Thanks to its production efficiencies, Kate McLeod can get a new product to market in less than two weeks. “We are becoming experts at manufacturing solids,” says McLeod. “These key pieces of machinery have enabled us to scale to the point where we’re doing QVC, we’re doing Sephora, we’re still managing our DTC, and we’re only operating at a very small fraction of what we could be doing if we were pushing it the whole way.” 
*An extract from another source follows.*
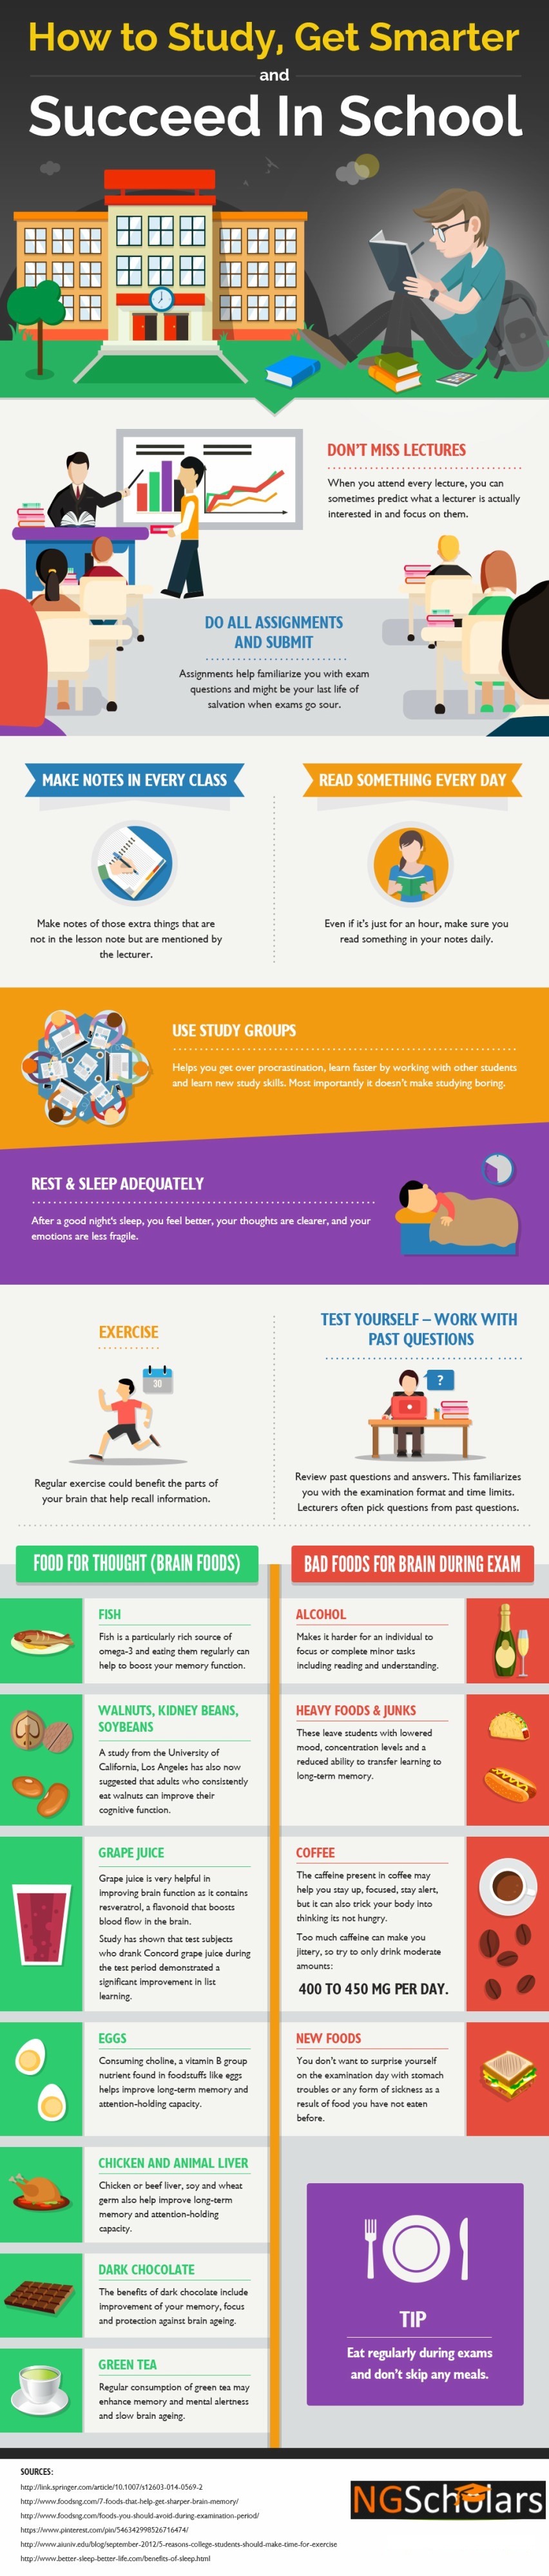 How To Get Smarter Study And Succeed In School Infographic

Furthermore, Kate McLeod estimates its employment of in-house manufacturing and its drive to source packaging when possible from American suppliers cuts down its transportation-related carbon emissions by upwards of 50%. The brand recently became certified climate neutral and is a member of 1% for the Planet. Kate McLeod works with the sustainability software platform Bluebird to measure the impact of its supply chain and product choices in order to continually reduce emissions and waste.

Retail Partnerships

To stick to lean budgets for Kate McLeod’s QVC and Sephora launches, McLeod and Tucker Gray contributed to the marketing strategies and wrote advertising copy themselves. The brand spent slightly more than $50,000 on the launches. Currently, retailers are responsible for 20% of its sales and having a retail presence has been a boon for awareness. Small boutiques have been integral to its retail network. 

On the bigger side, Kate McLeod’s Daily Stone debuted on Sephora’s site as part of the beauty specialty retailer’s Clean + Planet Positive program in April. The brand could amplify its presence at Sephora going forward. McLeod says, “I love working with Sephora, and they have been an amazing partner to us, so we are very interested in exploring all opportunities to work with Sephora.” 

QVC has been Kate McLeod’s partner for over two years. The brand sells out during each appearance on the home shopping network. Tucker Gray says, “Our strong sellout performance on QVC has led to the wholesaler being more willing to test selling our product at MSRP versus using discounting strategy, showing that premium brands can command more spend from the QVC customer.”